OK, let's step back. How can we tell if a particular BealOperands is a counterexample of Beal's Conjecture? Well, two things need to be true:
- The operands, when plugged into that formula up at the top of the page, must form a true equation.
- A, B, and C must NOT have a common prime factor (i.e. their GCD is 1).
We've got what we need to check the first condition. And it turns out the second condition is a lot easier to check than it sounds. BigInteger provides a lovely GreatestCommonDivisor method, which allows us to conveniently sidestep the whole nightmare of trying to implement that without loops.
So we're ready to write a method to check if a BealOperands is a counterexample. Here goes...
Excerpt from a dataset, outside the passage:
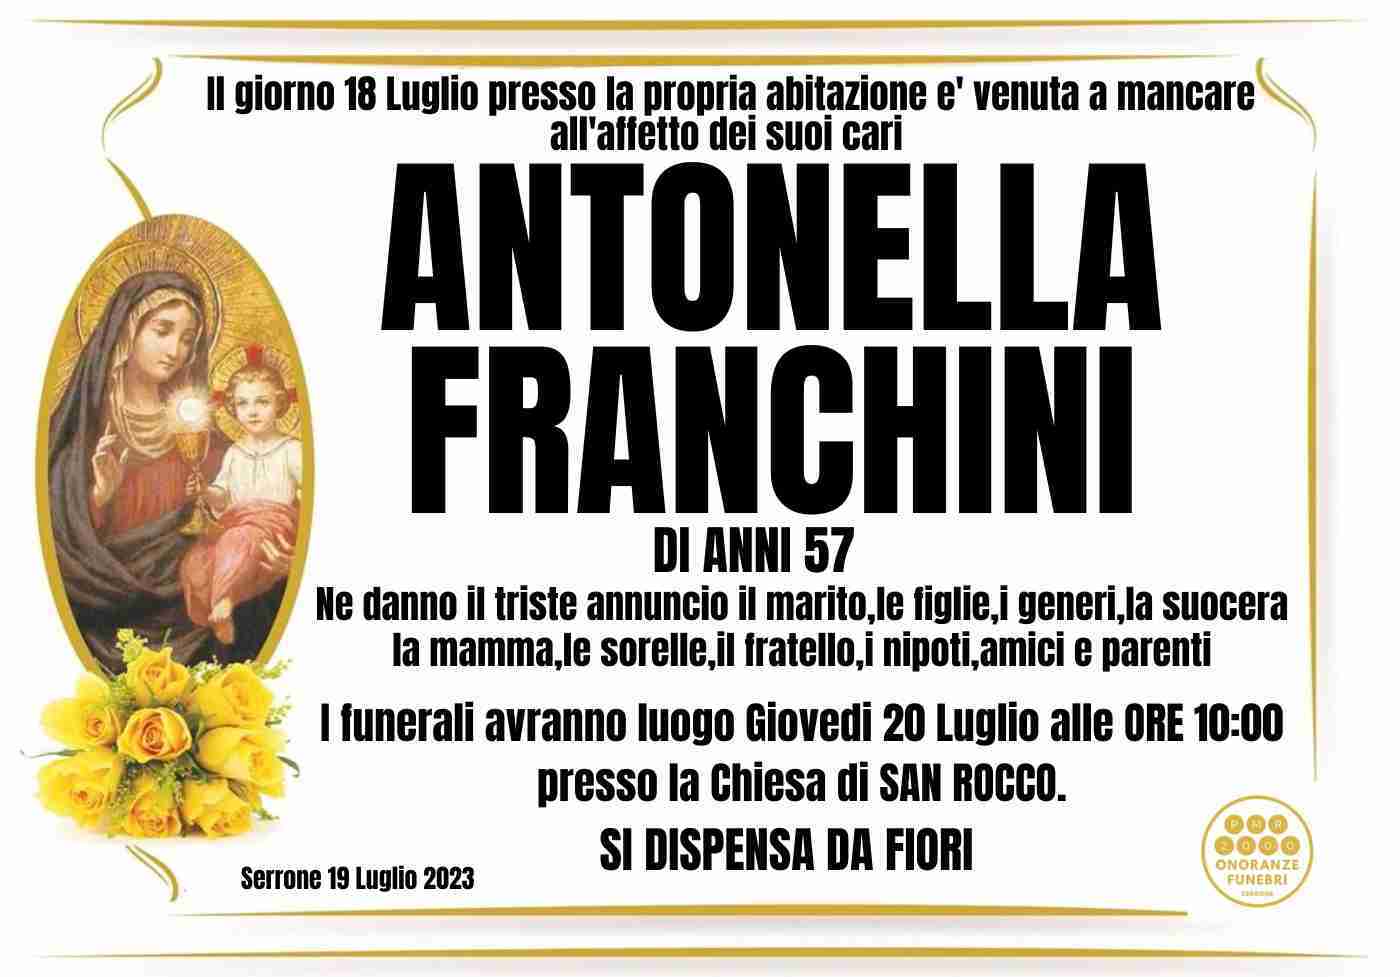 Antonella Franchini

static class BealOperandsExtensions
{
public static bool IsBealsConjectureCounterExample(this BealOperands o)
{
// If the equation isn't even true, we don't have a counter example unfortunately
if (o.A.Pow(o.x) + o.B.Pow(o.y) != o.C.Pow(o.z))
{
return false;
}
// We have a counterexample if A, B and C are coprime
return BigInteger.GreatestCommonDivisor(o.A, o.B) == 1 &&
BigInteger.GreatestCommonDivisor(o.A, o.C) == 1 &&
BigInteger.GreatestCommonDivisor(o.B, o.C) == 1;
}
}
And finally we can bring it all together with this rather slick Main method:
static class Program
{
static void Main()
{
var bealOperandGenerator = new BealOperandGenerator();
if (bealOperandGenerator.Any(o => o.IsBealsConjectureCounterExample()))
{
Console.WriteLine("IN YOUR FACE, BEAL!");
}
}
}
There are no counterexamples with C^Z <= 1.0E27.
As of Feb. 2019 I’m checking out to C^Z <= 1.0E29 on the assumption that either the “X” and/or “Y” exponent must be >= 5.
Current version of this program (“X” and/or “Y” >= 5) takes less than 1 second on an AMD 2920X to find all solutions out to C^Z <= 1.0E15. (But all of the gcd(A,B,C) are >= 2)
Details at http://www.durangobill.com/BealsConjecture.html
I can modify the current code (Uses “C” and OpenMP) out beyond these limits but will need more than 128GB of RAM to run it. (Hundreds of CPUs would also help. Thousands of CPUs would be even better.) (If you have free access to something like this, please contact me.)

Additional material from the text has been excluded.